Corroboree
Page 43
Eyre said, ‘Minil, the girl. Is she all right?’
The young man grinned, revealing several missing teeth, and pointed towards the far side of the fire. There, covered up by blankets, Minil was sleeping; watched over by an old woman.
‘Thank God,’ said Eyre.
‘Thank God,’ the Aborigine repeated.
Eyre pointed to his lips. ‘Do you have any water?’
The young man grinned again, and produced a shaped wooden bowl, filled with muddy-looking water. Eyre took it, and finished it in three large swallows. It wasn’t enough to quench his thirst, but it seemed impolite to ask for any more, particularly since the families may not have had very much to last themselves the night. Muddy water meant there had been hours of painstaking digging at water-holes. That much he knew from experience.
Soon the elderly chief who had first greeted him came over, and shyly shook his hand. He gave a long speech, occasionally turning towards the fire, and pointing towards the roasting kangaroos, and Eyre understood that he was being invited to stay for a while, and share in the meal. ‘You’re very kind,’ acknowledged Eyre, nodding and smiling. ‘I have been trying to reach the sea. Fowler’s Bay, perhaps. Yalata, isn’t that what you call it?’ He made his fingers walk across the kangaroo-hide blanket, and said, ‘Yalata.’
‘Ah, Yalata!’ said the old man, beaming back at Eyre, and clapping his hands. Then he pointed towards the south-west; in a far more southerly direction than Eyre had imagined that Fowler’s Bay would actually lie.
‘Thank God,’ the young man repeated.
The old man placed his hand over his bony chest, and said, ‘Ngottha… Winja.’ Then he said, ‘Winja,’ again, and beamed some more. Eyre took this to mean that his name was Winja; and in return laid his own hand over his chest, and said, ‘Eyre.’
For some reason, this caused great hilarity, and the young man fell on to his back in laughter, and kicked his legs. Even old Winja cackled uncontrollably, and had to wipe his eyes. He called out to the rest of the Aborigines there, and tapped his finger on Eyre’s shoulder, and said, ‘Eyre.’ And there was even more laughter, and tapping of sticks, as Eyre’s name was repeated all the way around the encampment.
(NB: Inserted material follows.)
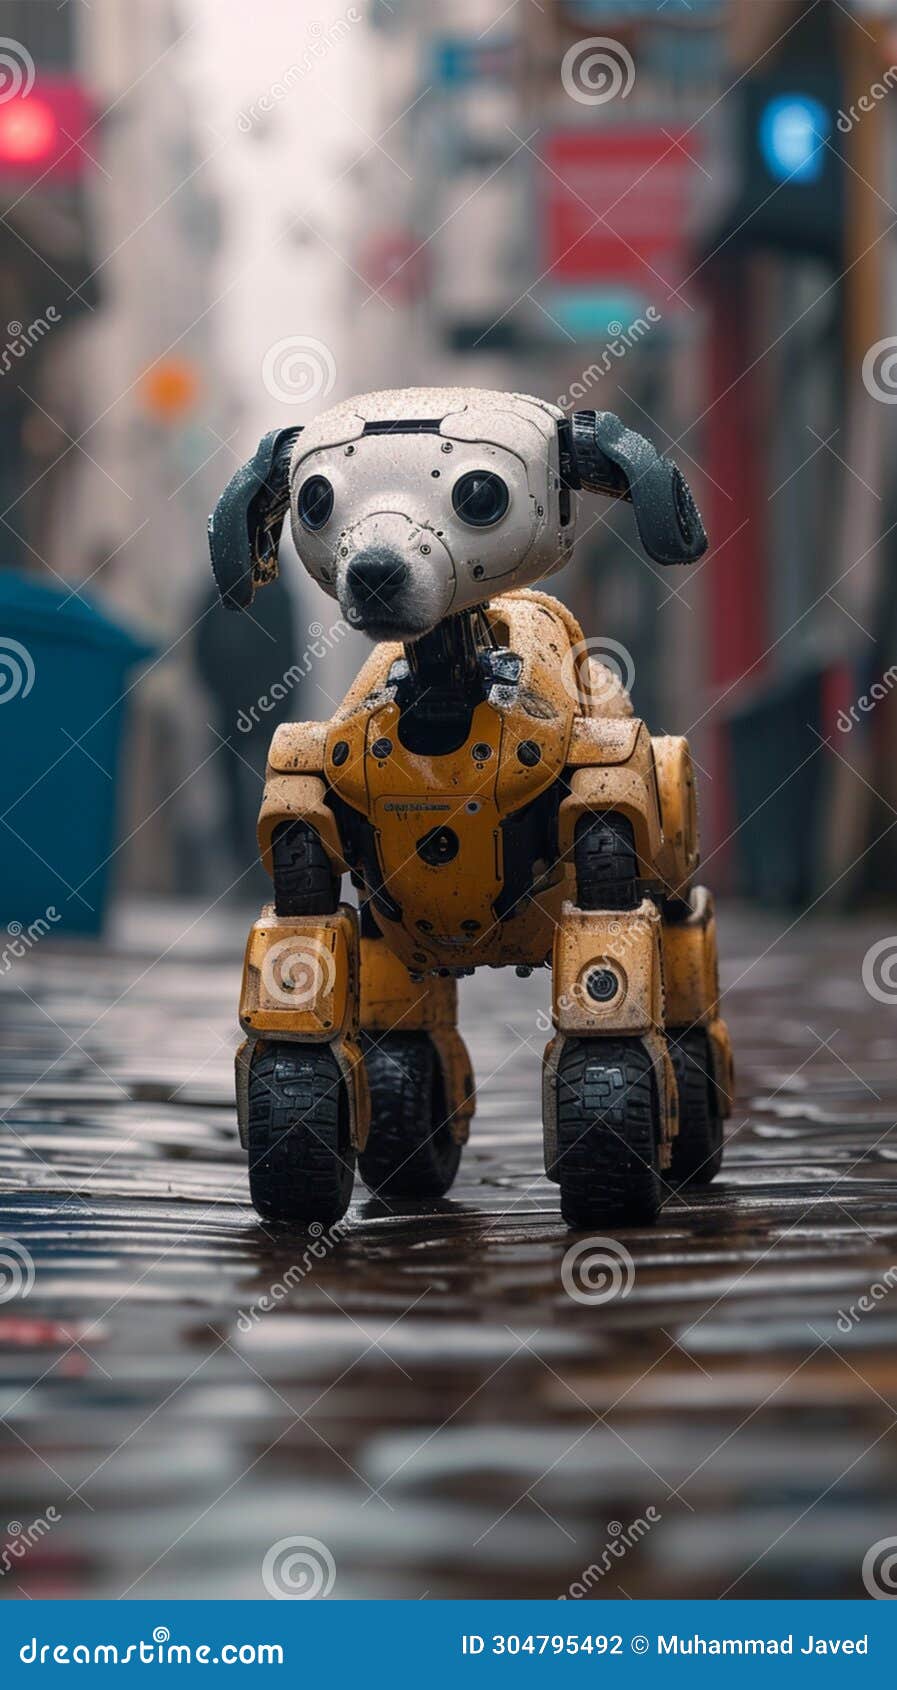 robo companion small robot dog strolling through the city streets

The younger man recovered his composure enough to point to his own chest, and announce himself as ‘Ningina.’
Ningina brought Eyre another bowlful of water, and watched him carefully while he drank it. It was only then that he decided that Eyre was fit enough to come across the camp and see Minil. He held Eyre’s elbow solicitously, and talked to him all the time, as if he were a child taking his very first steps. In fact Eyre’s knees felt so watery that he was glad of the encouragement. He squatted down beside Minil, and reached out to touch her forehead.
Minil stirred, and opened her eyes. Eyre suddenly felt overwhelmed with affection for her, and gladness that she was alive; and by sheer relief that Winja and his people had saved them from the desert. His throat tightened, and the first tears that he had been able to cry since they had started out on their expedition burst into his eyes.
‘We’re safe,’ he told her. ‘These people have saved us.’
Minil closed her eyes again and slept. Eyre was led back to the fire, where a buka was draped around his shoulders, and he was given some of the first of the kangaroo meat. He ate it very slowly; watched all the time with unblinking intentness by tribespeople all around him, who appeared to regard every movement of his jaw as being of almost magical interest. The meat was fresh, and well-cooked; and although Eyre’s stomach had shrunk during his days without food, he forced himself to eat as much of it as he was offered. He remembered what Dogger had told him about surviving in the outback; and he had been through too much hunger to want to suffer like that again. He even sucked the grease from his hands.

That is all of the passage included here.